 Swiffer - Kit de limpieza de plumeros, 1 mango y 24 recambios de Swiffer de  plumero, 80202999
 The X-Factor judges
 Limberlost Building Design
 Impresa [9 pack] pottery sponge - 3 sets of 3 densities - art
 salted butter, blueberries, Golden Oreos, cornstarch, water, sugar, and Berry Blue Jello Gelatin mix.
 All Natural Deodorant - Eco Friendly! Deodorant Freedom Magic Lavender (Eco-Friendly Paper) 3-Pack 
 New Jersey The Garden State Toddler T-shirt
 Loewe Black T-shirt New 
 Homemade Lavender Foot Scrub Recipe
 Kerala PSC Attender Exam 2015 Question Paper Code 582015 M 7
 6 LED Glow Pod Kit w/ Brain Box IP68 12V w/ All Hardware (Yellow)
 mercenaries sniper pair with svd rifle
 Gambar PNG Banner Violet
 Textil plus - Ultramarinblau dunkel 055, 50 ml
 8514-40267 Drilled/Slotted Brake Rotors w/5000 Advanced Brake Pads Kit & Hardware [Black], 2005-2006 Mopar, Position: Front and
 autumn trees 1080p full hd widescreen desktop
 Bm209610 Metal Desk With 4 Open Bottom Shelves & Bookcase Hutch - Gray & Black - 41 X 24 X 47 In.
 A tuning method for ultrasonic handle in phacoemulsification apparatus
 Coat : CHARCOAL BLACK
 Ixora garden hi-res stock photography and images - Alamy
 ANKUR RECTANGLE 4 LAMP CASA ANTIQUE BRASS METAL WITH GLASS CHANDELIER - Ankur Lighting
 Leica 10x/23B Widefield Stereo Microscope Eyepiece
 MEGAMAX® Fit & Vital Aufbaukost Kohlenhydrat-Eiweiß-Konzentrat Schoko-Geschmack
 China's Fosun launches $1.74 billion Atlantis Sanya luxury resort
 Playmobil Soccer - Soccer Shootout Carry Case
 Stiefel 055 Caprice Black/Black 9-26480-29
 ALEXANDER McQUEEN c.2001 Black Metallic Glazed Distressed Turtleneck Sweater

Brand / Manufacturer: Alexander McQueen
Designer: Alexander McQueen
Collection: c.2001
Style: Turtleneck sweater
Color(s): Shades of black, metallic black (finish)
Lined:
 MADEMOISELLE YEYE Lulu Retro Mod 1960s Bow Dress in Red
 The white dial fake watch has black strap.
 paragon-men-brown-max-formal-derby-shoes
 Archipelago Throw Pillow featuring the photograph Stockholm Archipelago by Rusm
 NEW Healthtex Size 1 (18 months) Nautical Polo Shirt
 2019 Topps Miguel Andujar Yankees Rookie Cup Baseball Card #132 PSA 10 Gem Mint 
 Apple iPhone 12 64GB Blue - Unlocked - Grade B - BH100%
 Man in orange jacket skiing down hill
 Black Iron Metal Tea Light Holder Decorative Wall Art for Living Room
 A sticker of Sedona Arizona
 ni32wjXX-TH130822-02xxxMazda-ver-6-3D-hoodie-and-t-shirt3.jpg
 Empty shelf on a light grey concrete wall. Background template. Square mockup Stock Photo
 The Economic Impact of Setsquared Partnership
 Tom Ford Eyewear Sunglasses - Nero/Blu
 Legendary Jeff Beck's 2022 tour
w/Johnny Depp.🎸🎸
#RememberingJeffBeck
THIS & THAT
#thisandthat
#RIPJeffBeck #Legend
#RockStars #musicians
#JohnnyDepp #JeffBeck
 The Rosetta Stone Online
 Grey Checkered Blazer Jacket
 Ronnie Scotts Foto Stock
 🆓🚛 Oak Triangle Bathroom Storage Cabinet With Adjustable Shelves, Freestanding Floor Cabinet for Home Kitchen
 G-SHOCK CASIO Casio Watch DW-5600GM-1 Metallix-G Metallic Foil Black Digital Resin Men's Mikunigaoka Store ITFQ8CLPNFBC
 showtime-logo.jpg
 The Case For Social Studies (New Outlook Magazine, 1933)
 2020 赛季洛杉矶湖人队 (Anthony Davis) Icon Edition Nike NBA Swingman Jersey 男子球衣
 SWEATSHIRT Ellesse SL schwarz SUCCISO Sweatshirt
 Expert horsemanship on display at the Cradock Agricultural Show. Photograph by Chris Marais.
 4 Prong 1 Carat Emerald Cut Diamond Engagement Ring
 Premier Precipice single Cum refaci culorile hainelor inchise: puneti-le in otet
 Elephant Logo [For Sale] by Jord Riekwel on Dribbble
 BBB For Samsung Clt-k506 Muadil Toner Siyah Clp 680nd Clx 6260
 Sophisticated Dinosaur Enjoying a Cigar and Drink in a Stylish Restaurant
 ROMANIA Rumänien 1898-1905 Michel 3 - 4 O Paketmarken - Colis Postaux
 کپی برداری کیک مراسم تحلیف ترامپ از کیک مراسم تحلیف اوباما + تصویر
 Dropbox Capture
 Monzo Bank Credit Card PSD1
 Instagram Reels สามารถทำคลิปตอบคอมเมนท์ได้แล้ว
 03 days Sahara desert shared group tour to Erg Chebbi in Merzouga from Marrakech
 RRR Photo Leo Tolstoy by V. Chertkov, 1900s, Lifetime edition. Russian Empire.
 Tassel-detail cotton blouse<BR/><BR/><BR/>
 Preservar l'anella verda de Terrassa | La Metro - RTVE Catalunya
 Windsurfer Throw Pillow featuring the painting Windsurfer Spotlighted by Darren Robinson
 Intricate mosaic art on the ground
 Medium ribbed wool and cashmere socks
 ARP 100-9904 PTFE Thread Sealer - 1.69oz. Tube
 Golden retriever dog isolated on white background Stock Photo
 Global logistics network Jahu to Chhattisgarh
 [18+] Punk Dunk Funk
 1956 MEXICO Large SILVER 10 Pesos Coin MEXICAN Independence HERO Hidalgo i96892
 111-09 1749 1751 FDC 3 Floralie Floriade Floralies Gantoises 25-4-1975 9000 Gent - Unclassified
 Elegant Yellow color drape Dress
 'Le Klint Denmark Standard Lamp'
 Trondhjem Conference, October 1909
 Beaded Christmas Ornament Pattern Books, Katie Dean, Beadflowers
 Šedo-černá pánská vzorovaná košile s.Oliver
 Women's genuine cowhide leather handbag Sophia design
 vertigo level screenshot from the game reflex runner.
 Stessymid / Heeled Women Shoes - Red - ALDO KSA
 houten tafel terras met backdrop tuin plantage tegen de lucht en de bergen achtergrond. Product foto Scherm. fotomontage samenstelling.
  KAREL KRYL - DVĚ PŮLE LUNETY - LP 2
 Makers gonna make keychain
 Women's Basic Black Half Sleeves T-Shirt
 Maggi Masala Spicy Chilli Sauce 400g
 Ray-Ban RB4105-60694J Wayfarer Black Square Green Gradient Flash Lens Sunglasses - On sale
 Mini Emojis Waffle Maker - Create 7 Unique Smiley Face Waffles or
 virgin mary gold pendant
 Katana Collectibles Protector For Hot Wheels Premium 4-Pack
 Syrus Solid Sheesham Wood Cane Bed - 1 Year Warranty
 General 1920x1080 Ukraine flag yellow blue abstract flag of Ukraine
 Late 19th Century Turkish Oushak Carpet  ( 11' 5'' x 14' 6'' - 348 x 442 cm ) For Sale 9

* WHAT YOU HAVE TO DO: Reproduce the records above word for word.

* OUTPUT:
 Swiffer - Kit de limpieza de plumeros, 1 mango y 24 recambios de Swiffer de  plumero, 80202999
 The X-Factor judges
 Limberlost Building Design
 Impresa [9 pack] pottery sponge - 3 sets of 3 densities - art
 salted butter, blueberries, Golden Oreos, cornstarch, water, sugar, and Berry Blue Jello Gelatin mix.
 All Natural Deodorant - Eco Friendly! Deodorant Freedom Magic Lavender (Eco-Friendly Paper) 3-Pack 
 New Jersey The Garden State Toddler T-shirt
 Loewe Black T-shirt New 
 Homemade Lavender Foot Scrub Recipe
 Kerala PSC Attender Exam 2015 Question Paper Code 582015 M 7
 6 LED Glow Pod Kit w/ Brain Box IP68 12V w/ All Hardware (Yellow)
 mercenaries sniper pair with svd rifle
 Gambar PNG Banner Violet
 Textil plus - Ultramarinblau dunkel 055, 50 ml
 8514-40267 Drilled/Slotted Brake Rotors w/5000 Advanced Brake Pads Kit & Hardware [Black], 2005-2006 Mopar, Position: Front and
 autumn trees 1080p full hd widescreen desktop
 Bm209610 Metal Desk With 4 Open Bottom Shelves & Bookcase Hutch - Gray & Black - 41 X 24 X 47 In.
 A tuning method for ultrasonic handle in phacoemulsification apparatus
 Coat : CHARCOAL BLACK
 Ixora garden hi-res stock photography and images - Alamy
 ANKUR RECTANGLE 4 LAMP CASA ANTIQUE BRASS METAL WITH GLASS CHANDELIER - Ankur Lighting
 Leica 10x/23B Widefield Stereo Microscope Eyepiece
 MEGAMAX® Fit & Vital Aufbaukost Kohlenhydrat-Eiweiß-Konzentrat Schoko-Geschmack
 China's Fosun launches $1.74 billion Atlantis Sanya luxury resort
 Playmobil Soccer - Soccer Shootout Carry Case
 Stiefel 055 Caprice Black/Black 9-26480-29
 ALEXANDER McQUEEN c.2001 Black Metallic Glazed Distressed Turtleneck Sweater

Brand / Manufacturer: Alexander McQueen
Designer: Alexander McQueen
Collection: c.2001
Style: Turtleneck sweater
Color(s): Shades of black, metallic black (finish)
Lined:
 MADEMOISELLE YEYE Lulu Retro Mod 1960s Bow Dress in Red
 The white dial fake watch has black strap.
 paragon-men-brown-max-formal-derby-shoes
 Archipelago Throw Pillow featuring the photograph Stockholm Archipelago by Rusm
 NEW Healthtex Size 1 (18 months) Nautical Polo Shirt
 2019 Topps Miguel Andujar Yankees Rookie Cup Baseball Card #132 PSA 10 Gem Mint 
 Apple iPhone 12 64GB Blue - Unlocked - Grade B - BH100%
 Man in orange jacket skiing down hill
 Black Iron Metal Tea Light Holder Decorative Wall Art for Living Room
 A sticker of Sedona Arizona
 ni32wjXX-TH130822-02xxxMazda-ver-6-3D-hoodie-and-t-shirt3.jpg
 Empty shelf on a light grey concrete wall. Background template. Square mockup Stock Photo
 The Economic Impact of Setsquared Partnership
 Tom Ford Eyewear Sunglasses - Nero/Blu
 Legendary Jeff Beck's 2022 tour
w/Johnny Depp.🎸🎸
#RememberingJeffBeck
THIS & THAT
#thisandthat
#RIPJeffBeck #Legend
#RockStars #musicians
#JohnnyDepp #JeffBeck
 The Rosetta Stone Online
 Grey Checkered Blazer Jacket
 Ronnie Scotts Foto Stock
 🆓🚛 Oak Triangle Bathroom Storage Cabinet With Adjustable Shelves, Freestanding Floor Cabinet for Home Kitchen
 G-SHOCK CASIO Casio Watch DW-5600GM-1 Metallix-G Metallic Foil Black Digital Resin Men's Mikunigaoka Store ITFQ8CLPNFBC
 showtime-logo.jpg
 The Case For Social Studies (New Outlook Magazine, 1933)
 2020 赛季洛杉矶湖人队 (Anthony Davis) Icon Edition Nike NBA Swingman Jersey 男子球衣
 SWEATSHIRT Ellesse SL schwarz SUCCISO Sweatshirt
 Expert horsemanship on display at the Cradock Agricultural Show. Photograph by Chris Marais.
 4 Prong 1 Carat Emerald Cut Diamond Engagement Ring
 Premier Precipice single Cum refaci culorile hainelor inchise: puneti-le in otet
 Elephant Logo [For Sale] by Jord Riekwel on Dribbble
 BBB For Samsung Clt-k506 Muadil Toner Siyah Clp 680nd Clx 6260
 Sophisticated Dinosaur Enjoying a Cigar and Drink in a Stylish Restaurant
 ROMANIA Rumänien 1898-1905 Michel 3 - 4 O Paketmarken - Colis Postaux
 کپی برداری کیک مراسم تحلیف ترامپ از کیک مراسم تحلیف اوباما + تصویر
 Dropbox Capture
 Monzo Bank Credit Card PSD1
 Instagram Reels สามารถทำคลิปตอบคอมเมนท์ได้แล้ว
 03 days Sahara desert shared group tour to Erg Chebbi in Merzouga from Marrakech
 RRR Photo Leo Tolstoy by V. Chertkov, 1900s, Lifetime edition. Russian Empire.
 Tassel-detail cotton blouse<BR/><BR/><BR/>
 Preservar l'anella verda de Terrassa | La Metro - RTVE Catalunya
 Windsurfer Throw Pillow featuring the painting Windsurfer Spotlighted by Darren Robinson
 Intricate mosaic art on the ground
 Medium ribbed wool and cashmere socks
 ARP 100-9904 PTFE Thread Sealer - 1.69oz. Tube
 Golden retriever dog isolated on white background Stock Photo
 Global logistics network Jahu to Chhattisgarh
 [18+] Punk Dunk Funk
 1956 MEXICO Large SILVER 10 Pesos Coin MEXICAN Independence HERO Hidalgo i96892
 111-09 1749 1751 FDC 3 Floralie Floriade Floralies Gantoises 25-4-1975 9000 Gent - Unclassified
 Elegant Yellow color drape Dress
 'Le Klint Denmark Standard Lamp'
 Trondhjem Conference, October 1909
 Beaded Christmas Ornament Pattern Books, Katie Dean, Beadflowers
 Šedo-černá pánská vzorovaná košile s.Oliver
 Women's genuine cowhide leather handbag Sophia design
 vertigo level screenshot from the game reflex runner.
 Stessymid / Heeled Women Shoes - Red - ALDO KSA
 houten tafel terras met backdrop tuin plantage tegen de lucht en de bergen achtergrond. Product foto Scherm. fotomontage samenstelling.
  KAREL KRYL - DVĚ PŮLE LUNETY - LP 2
 Makers gonna make keychain
 Women's Basic Black Half Sleeves T-Shirt
 Maggi Masala Spicy Chilli Sauce 400g
 Ray-Ban RB4105-60694J Wayfarer Black Square Green Gradient Flash Lens Sunglasses - On sale
 Mini Emojis Waffle Maker - Create 7 Unique Smiley Face Waffles or
 virgin mary gold pendant
 Katana Collectibles Protector For Hot Wheels Premium 4-Pack
 Syrus Solid Sheesham Wood Cane Bed - 1 Year Warranty
 General 1920x1080 Ukraine flag yellow blue abstract flag of Ukraine
 Late 19th Century Turkish Oushak Carpet  ( 11' 5'' x 14' 6'' - 348 x 442 cm ) For Sale 9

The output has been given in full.